Yes I'm sure Byrd's flip wasn't politically expedient at all. Not like his career would have been over eventually if he didn't right?First of all, Robert Byrd was not Biden's best friend. I’ve explained this over and over. Yes during Jim Crow, Byrd was a stone cold racist. Byrd was a Dixiecrat that stayed in the Democratic Party. Later in life Byrd apologized for and denounced his participation in the KKK. After this, Byrd became a champion for civil rights, voting for several civil rights issues.. So much so that the NAACP gave him a grade A for civil rights and even mourned his death. Also, Hillary Clinton as well black congressman have taken pictures with Byrd and subsequently attended his funeral. The bottom line that Biden is not the only one that was close to Byrd. He along with the NAACP and black congressmen saw the transformation and eventually forgave the man. If Sen. Byrd remained a racist and segregationist, Biden and the others would have nothing to do with the man.
"As Robert Byrd passes, an era in race relations ends. Byrd started his political life as an Exalted Cyclops in the Ku Klux Klan. In 1944, Byrd wrote the following in a letter to Senator Theodore Bilbo: "I shall never fight in the armed forces with a Negro by my side ... Rather I should die a thousand times and see Old Glory trampled in the dirt never to rise again, than to see this beloved land of ours become degraded by race mongrels, a throwback to the blackest specimen from the wilds." Byrd filibustered the 1964 Civil Rights Act for 14 hours.

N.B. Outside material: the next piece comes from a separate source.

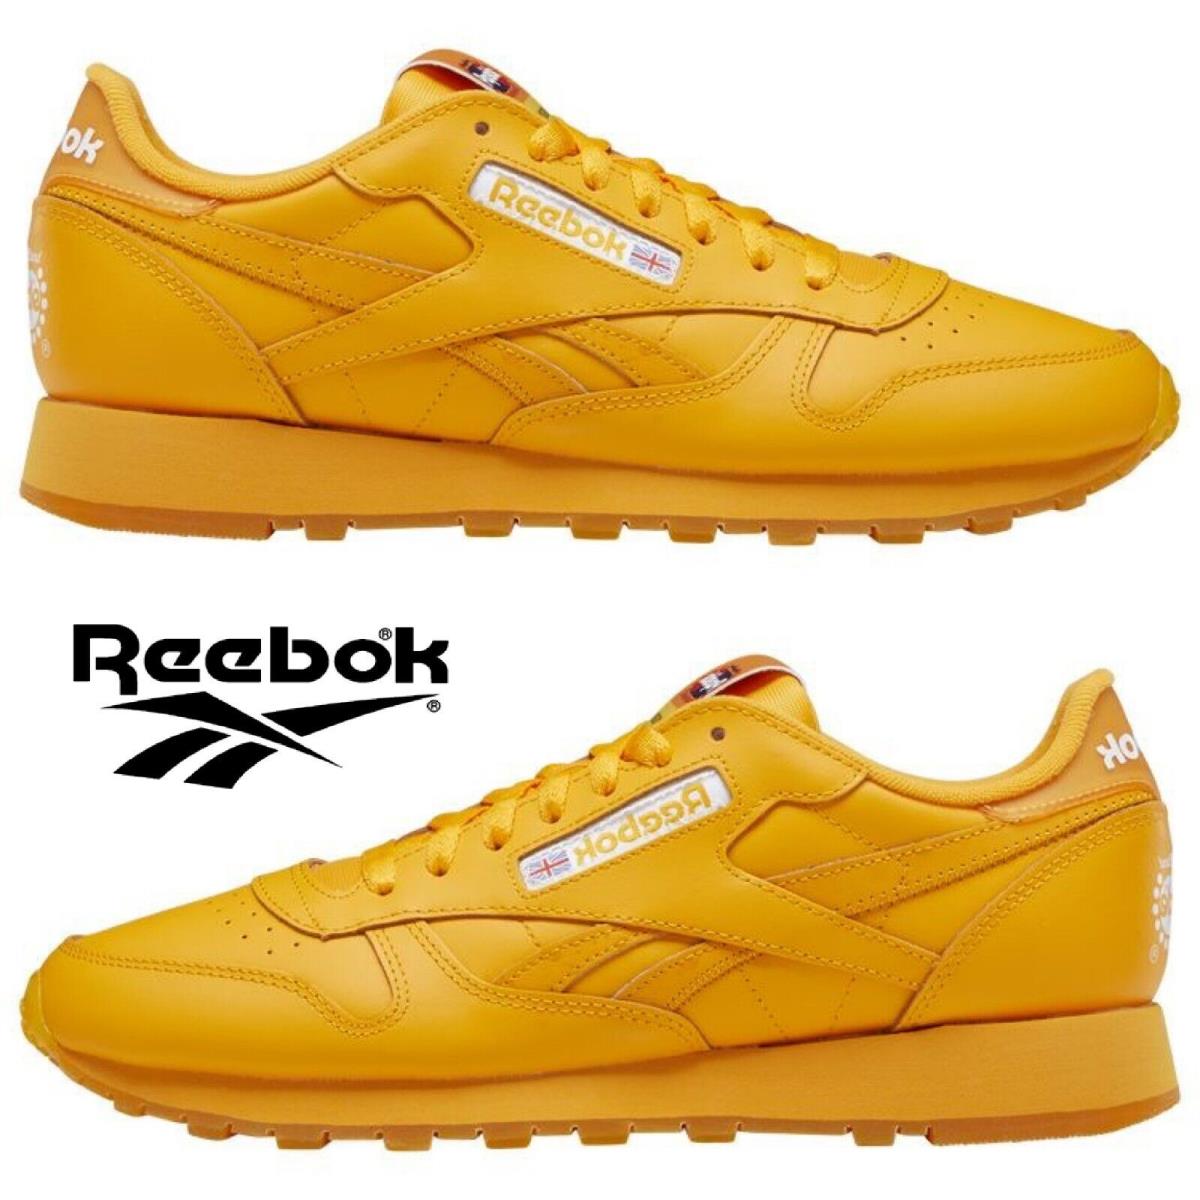 Reebok Classic Leather Popsicle Men`s Sneakers Running Training Shoes Casual

Byrd changed his mind later in life. In some respects, that change seems to have been politically motivated; maybe it was only politics at first. In 1997, he had this advice for up-and-coming politicians: "Be sure you avoid the Ku Klux Klan. Don't get that albatross around your neck. Once you've made that mistake, you inhibit your operations in the political arena." That sounds like a coldly calculated assessment of political risk. Byrd made no secret of the decision he made to downplay his segregationist views in order to advance in Washington and move toward the mainstream.